For years we have made cell suspensions from sliced organs using the standard EDTA and trypsin method found in many lab protocols. I have always known that many proteases are metalloproteins. I looked up trypsin and found that it requires calcium. It makes sense to get rid of calcium to rob cadherins of their calcium. But, doesn't it make more sense to first treat with trypsin and then treat with EDTA? Also, doesn't it make more sense to treat with EGTA since it is more selective for calcium?

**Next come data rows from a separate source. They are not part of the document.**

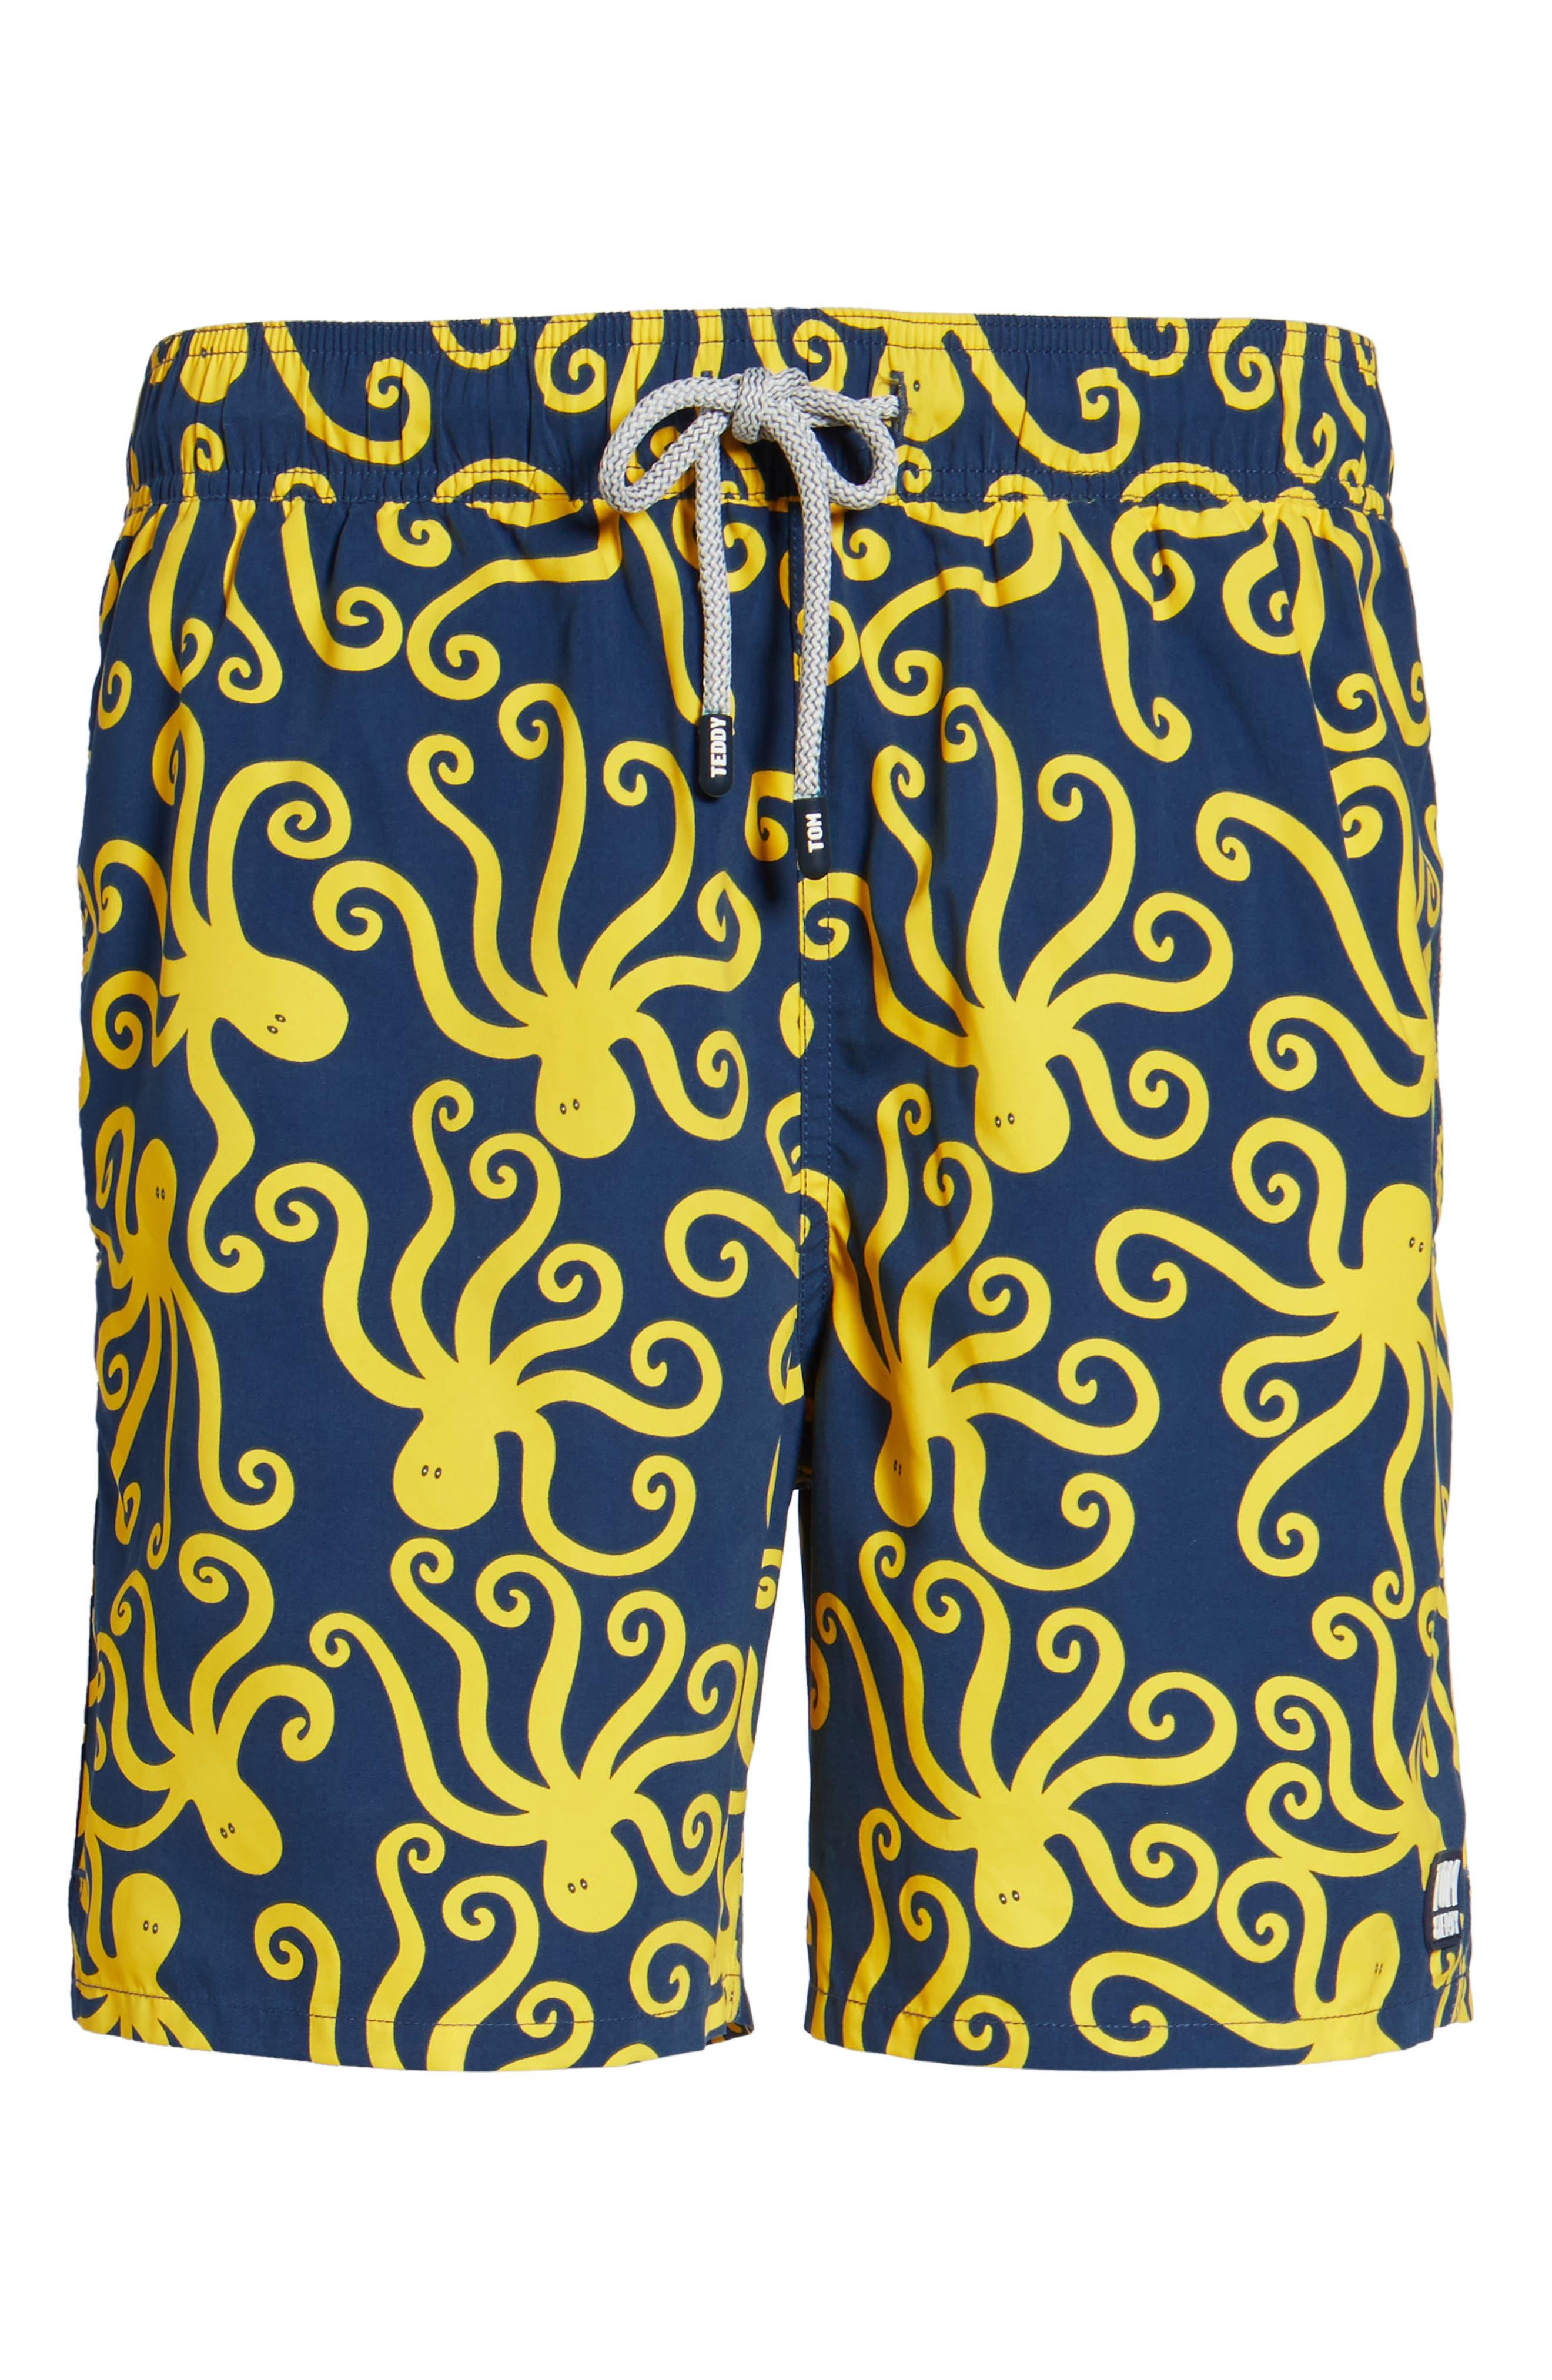 Octopus Swim Trunks,                             Alternate thumbnail 6, color,                             Blue Yellow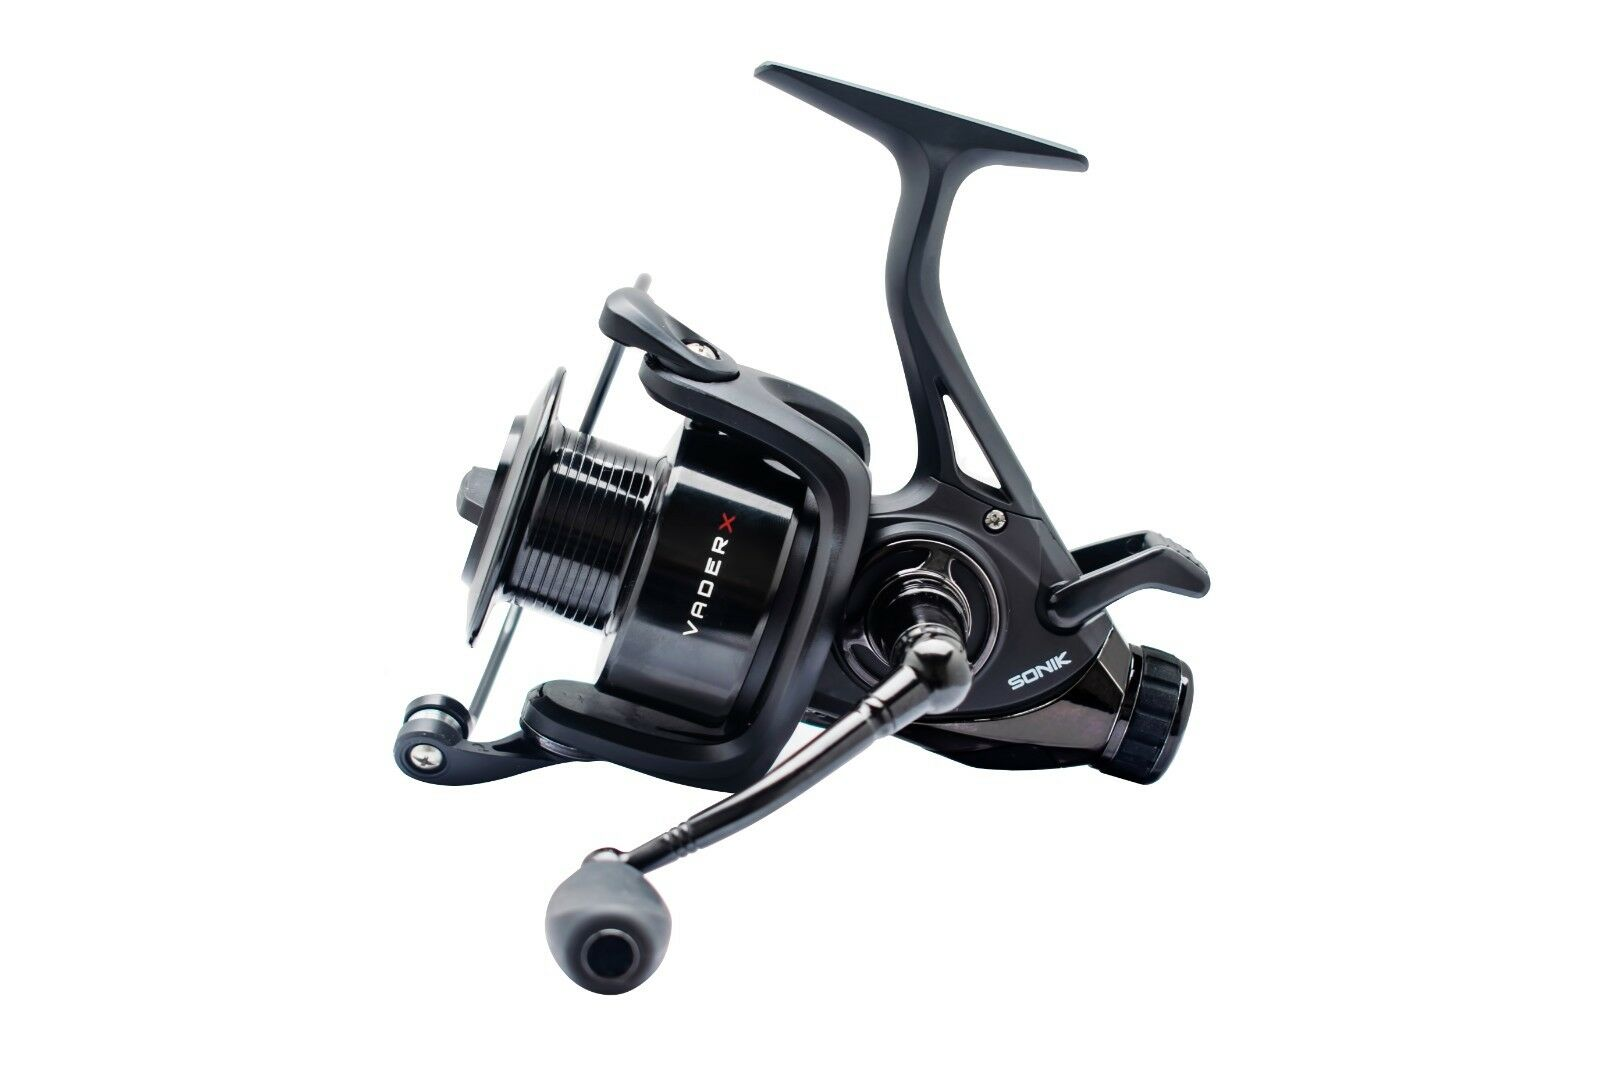 SONIK VADER X 5000 or 6000 FS FISHING REEL - Carp Pike Tench Bream Fishing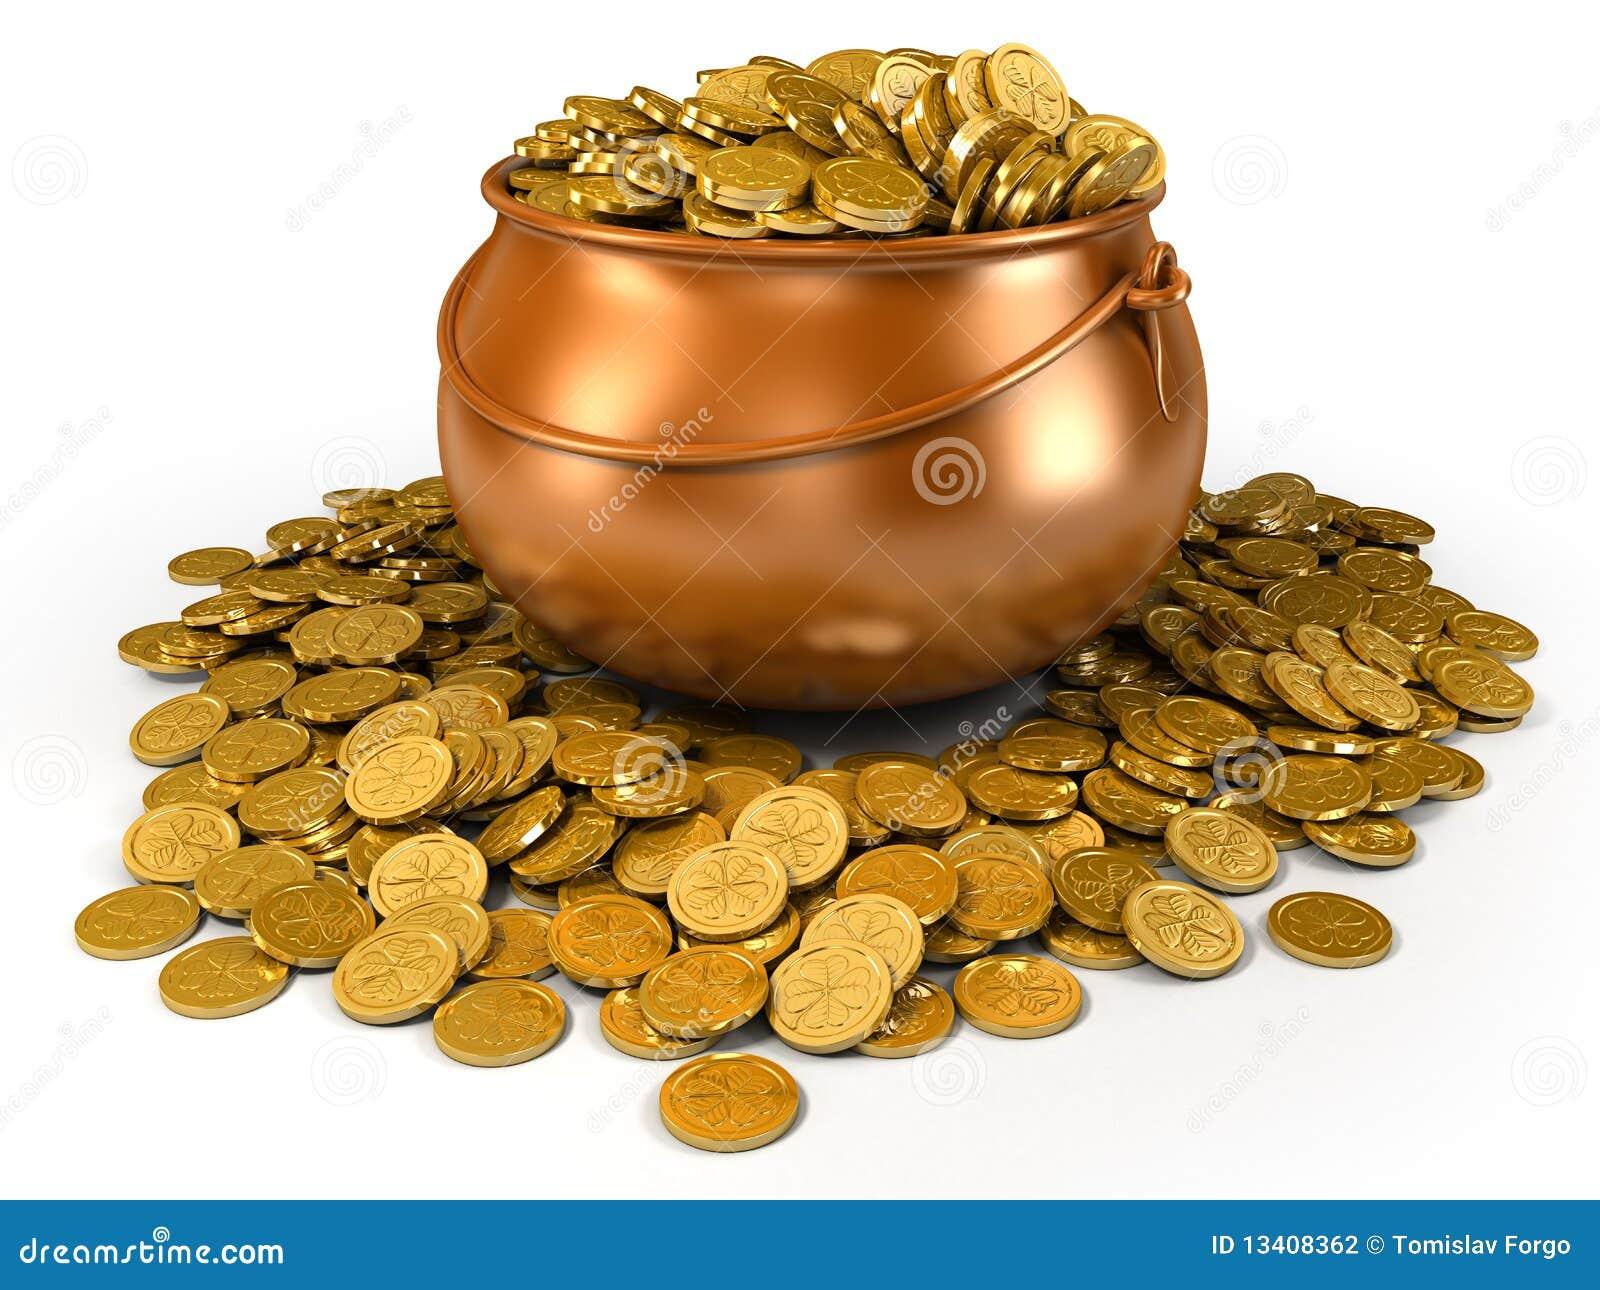 Crisol Por Completo De Monedas De Oro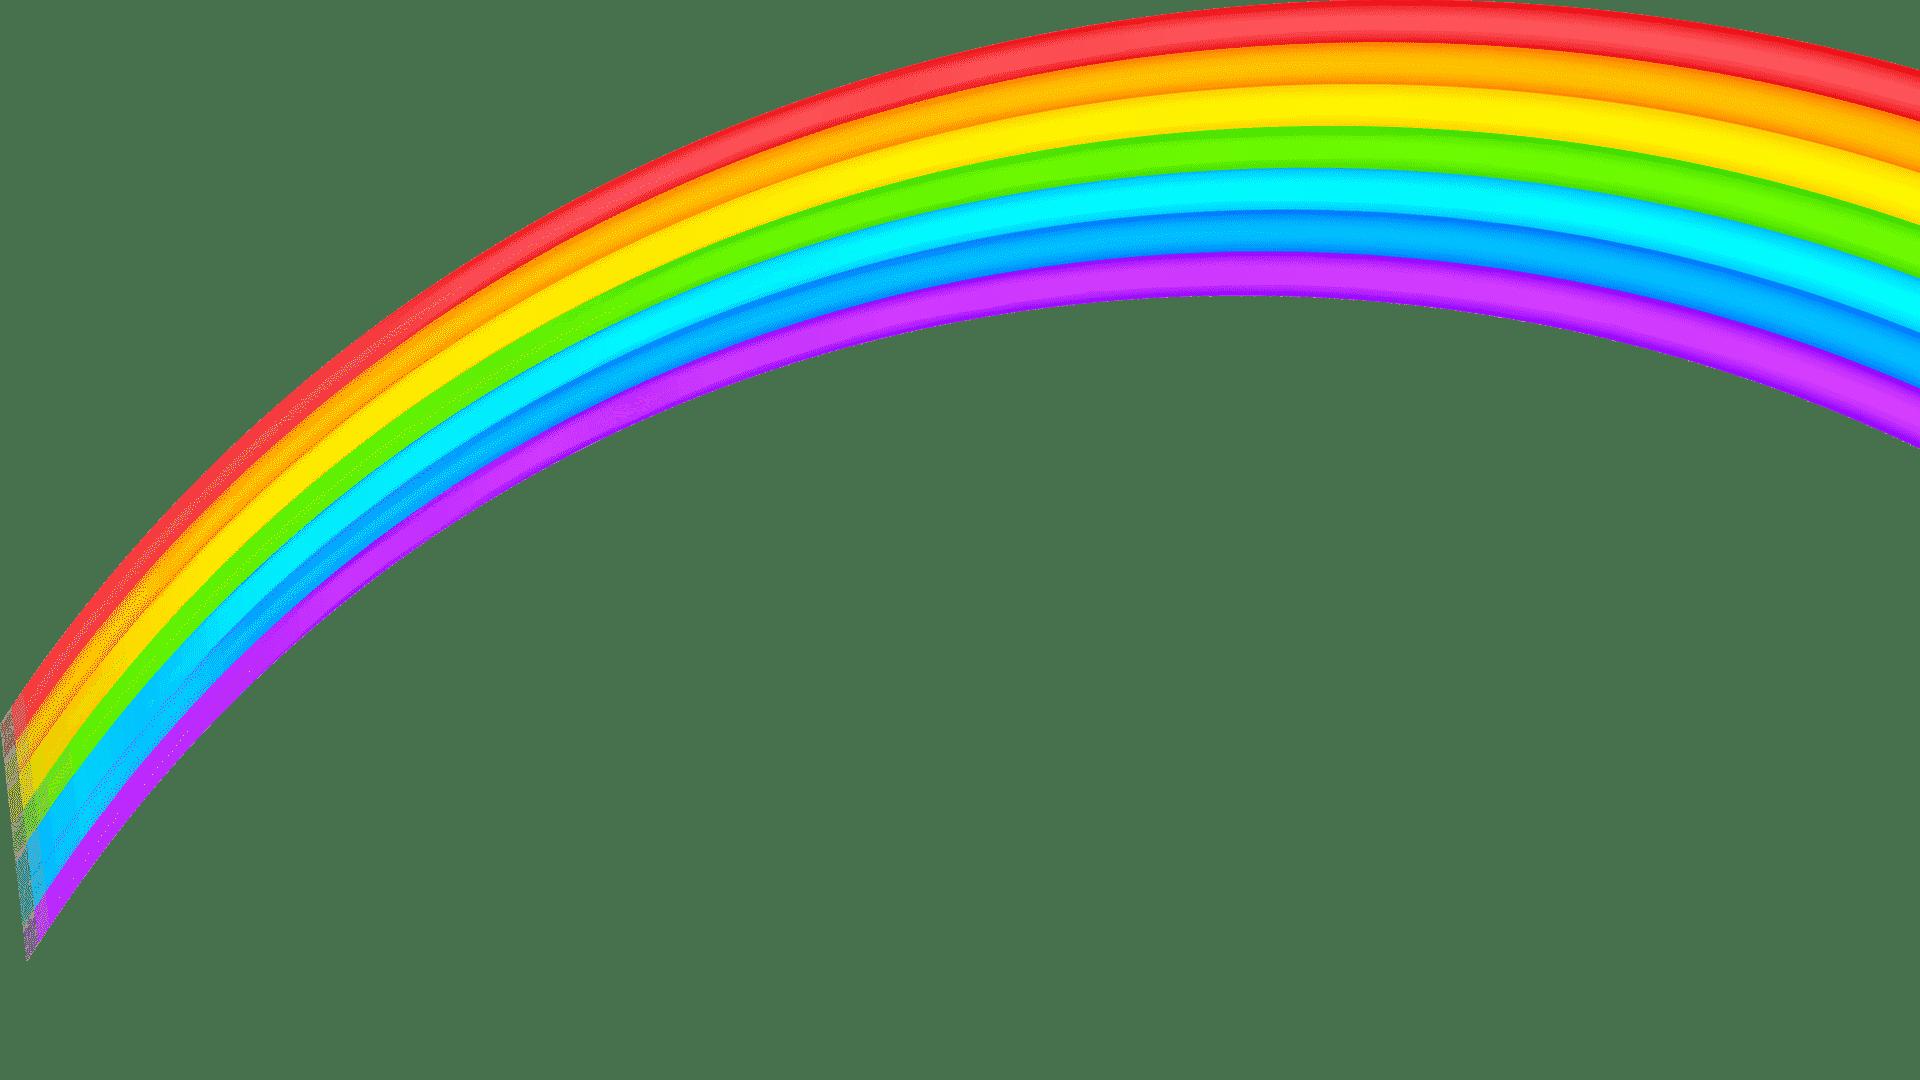 Stay Safe Rainbow

Or, is EDTA useful for reducing the activity of the trypsin.
Hi there,
Trypsin is not a metalloprotease and is actually inhibited by calcium and magnesium. The presence of EDTA is required to chelate divalent ions from the cell culture in order to favor trypsin activity to break up ECM and also to break cell interaction mediated by divalents (cadherin). After trypsinization serum is added to inhibit trypsin (serum contains inhibitors and highlevels of divalent ions).
Hi there,
Trypsin is not a metalloprotease and is actually inhibited by calcium and magnesium. The presence of EDTA is required to chelate divalent ions from the cell culture in order to favor trypsin activity to break up ECM and also to break cell interaction mediated by divalents (cadherin). After trypsinization serum is added to inhibit trypsin (serum contains inhibitors and highlevels of divalent ions).
Hi,
Trypsin does not require metal so EDTA may not block it. Purpose of adding EDTA is inhibit metalloprotease of cells other than trpsin.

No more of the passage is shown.